Fora isso, é preciso ajudar o pequeno, de maneira gradual, a enfrentar seus medos, expondo-o, devagar e controladamente, às situações que causam desconforto. Ele sente ansiedade em conviver com crianças que não conhece? Leve-o a um parque e, no início, brinque junto, apresentando-o a um grupo e propondo alguma atividade. Quando ele se sentir confortável, afaste-se e observe, sinalizando que sempre estará ali. Em uma próxima ocasião, você pode incentivar seu filho a ir sozinho e ficar apenas olhando e mostrando-se disponível, porém de longe. E assim vai. “Os pais precisam reconhecer as pequenas conquistas das crianças e parabenizá-las, assim fica mais fácil enfrentar os piores medos”, diz a psiquiatra.

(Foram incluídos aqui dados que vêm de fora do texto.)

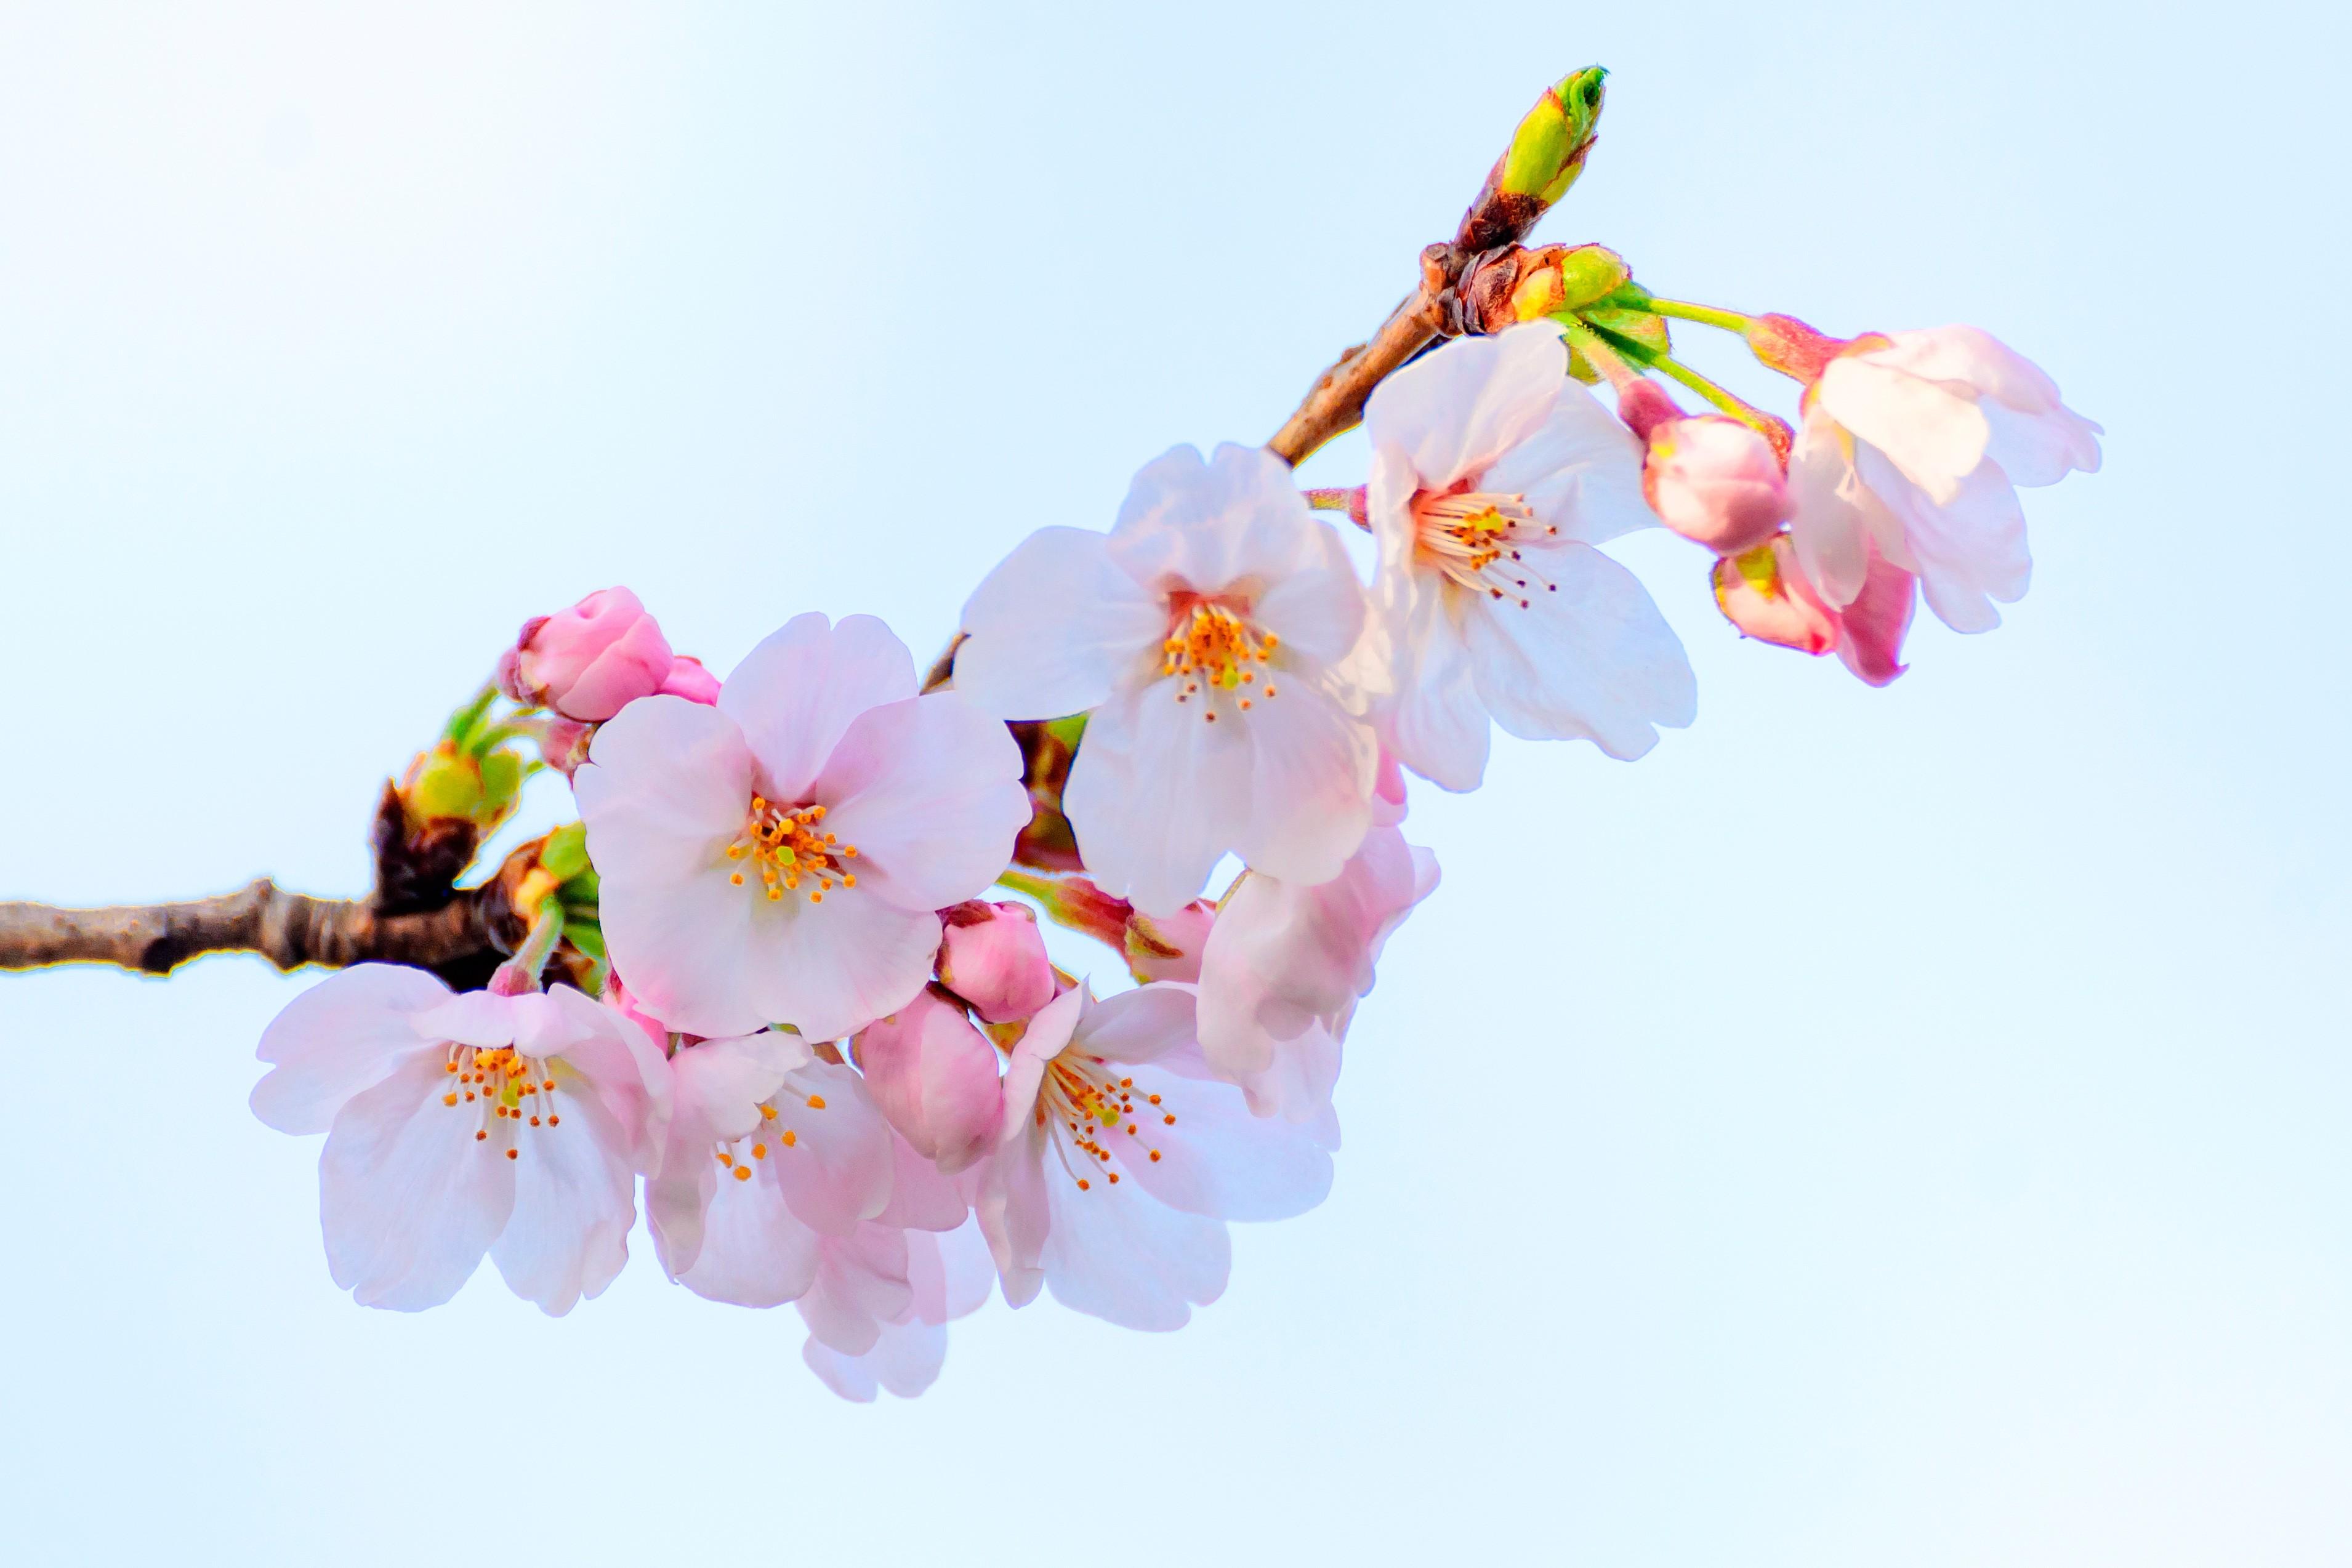 картинки весенних веточек и цветов этот

Quando buscar ajuda médica
Aqui, é importante ponderar se as mudanças de comportamento estão afetando, de maneira prática, a vida da criança. “O ideal é, primeiro, conversar com o pediatra do seu filho para excluir causas orgânicas que justifiquem o surgimento dos sintomas. Caso seja excluída qualquer outra doença, a criança deverá ser encaminhada para tratamento psicoterápico e para avaliação psiquiátrica”, explica Juliana.
Em algumas situações, o tratamento psicoterápico ajuda a solucionar o problema. Em outras, remédios são prescritos, o que será avaliado na consulta psiquiátrica. “O uso de medicação é necessário nos casos de maior gravidade ou quando as medidas não farmacológicas, como psicoterapia, prática de atividades físicas e mudanças nos hábitos alimentares, forem insuficientes”, aponta a médica.